Setting a new standard in incoherence, Washington, D.C., Dec. 20, 2004
According to a recent study, frivolous litigation has helped drive the total cost of America's tort system to more than 230 billion dollars a year. That's a lot of lawsuits. The figure is more than twice the amount Americans spent on automobiles in 2002.
I'm not sure what this comparison is supposed to highlight, Washington, D.C., Dec. 16, 2004
I want you to know that the death tax takes up more than 300 pages of laws and regulations in the current tax code. By getting rid of the death tax forever, we have simplified the code by 300 pages.
We're saving 300 pages? That's a fabulous reason to eliminate the estate tax (sorry, death tax)... Washington, D.C., Dec. 16, 2004
I think it is fair to say that I believe we've got a great chance to establish a Palestinian state. And I intend to use the next four years to spend the capital of the United States on such a state.
Dubya's becomes so enamoured with the concept of spending capital, that he uses it in a place that makes absolutely no sense, White House, Dec. 12, 2004
We had a good discussion about the problems that face the Social Security system, and there is a recognition among the experts that we have a problem... I think we have a responsibility to solve problems before they become acute.

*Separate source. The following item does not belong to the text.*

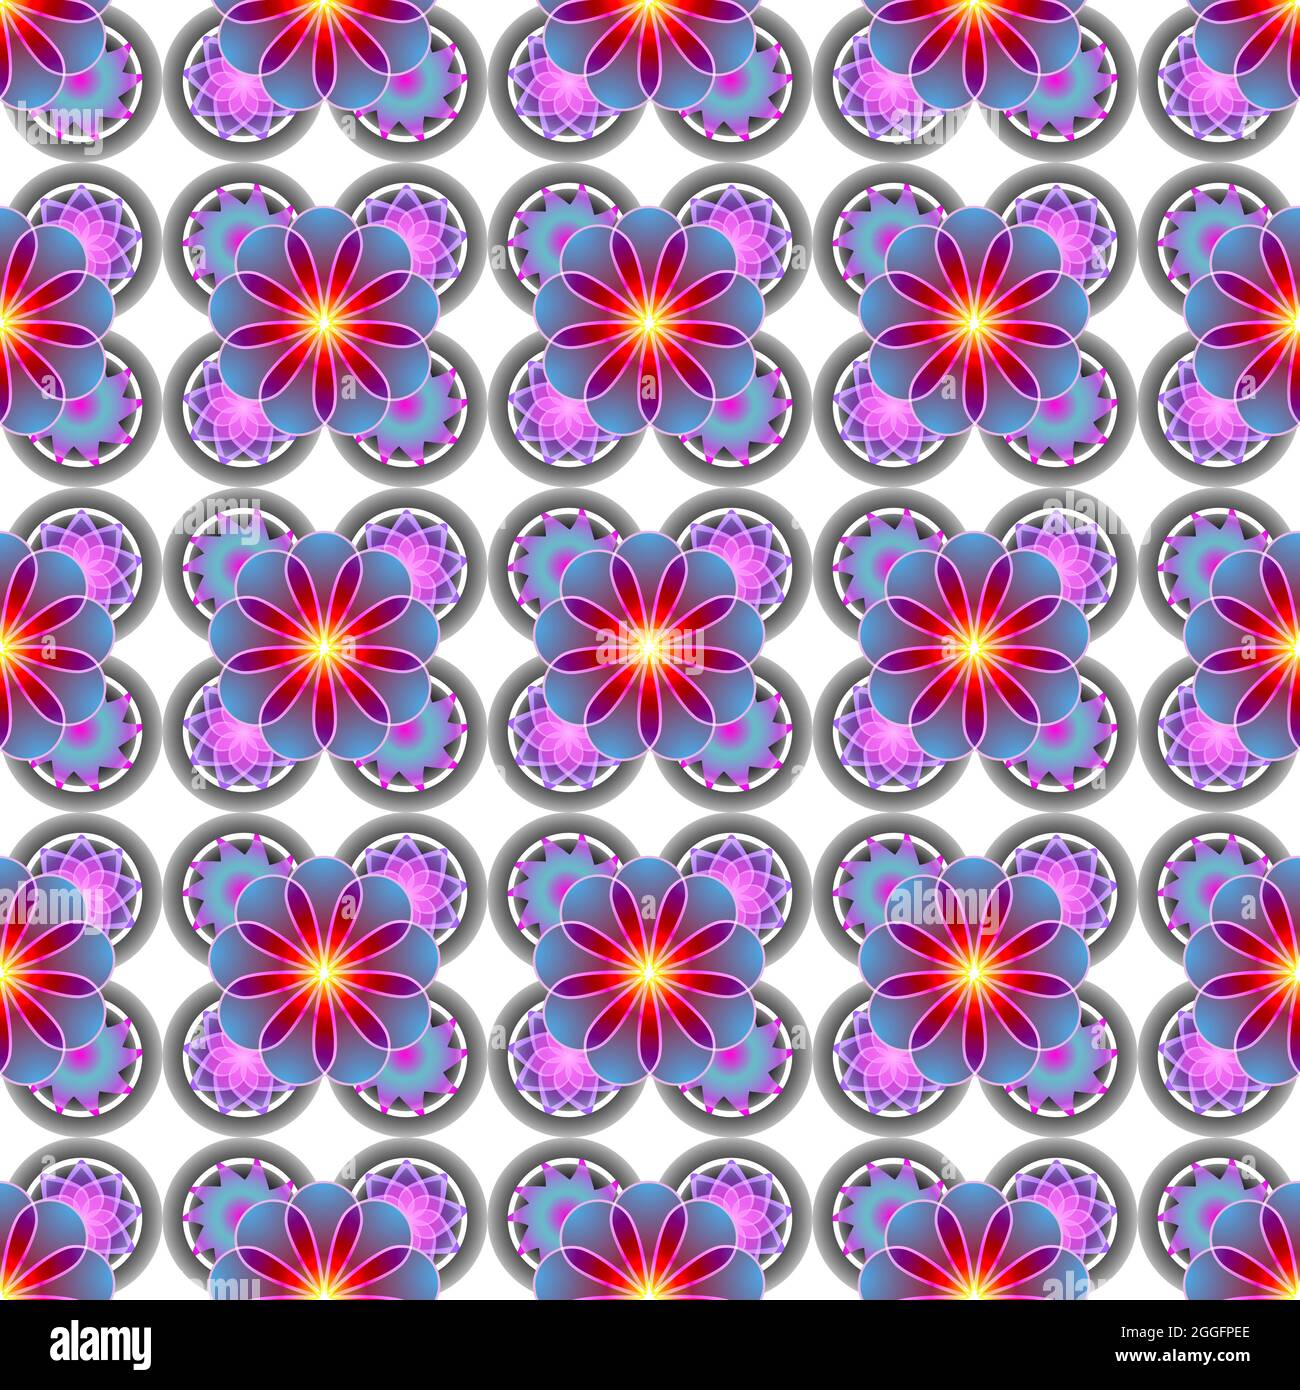 Brightly colored graphic flower pattern seamless design Stock Photo

This statement is somewhat ironic considering that Dubya has approved tapping into the Social Security Trust Fund to cover government spending, White House, Dec. 9, 2004
I don't view relations as one that there's a score card that says, you know, well, if we all fight terror together, therefore, somebody owes somebody something.
Dubya's incoherent response to a question about the perceived inequity of Pakistani-American relations, White House, Dec. 4, 2004
You cannot lead this world and our country to a better tomorrow unless you see a better — if you have a vision of a better tomorrow.
Dubya corrects himself incorrectly, Washington, D.C., Nov. 4, 2004
With the campaign over, Americans are expecting a bipartisan effort and results. I'll reach out to everyone who shares our goals.
While sounding bipartisan, Dubya proposes to be the exact opposite, Washington, D.C., Nov. 4, 2004
If you're feeling healthy, like I'm feeling healthy these days, don't get in line for the flu shot.
I'm pretty sure that the rule for flu shots is that you take them when you are healthy to prevent becoming unhealthy, Downingtown, Pennsylvania, Oct. 21, 2004
DUANE ALBERTS OF PINE SHELTER FARMS: Well, Mr. President, it's time to kill the death tax. I just want to start out that way.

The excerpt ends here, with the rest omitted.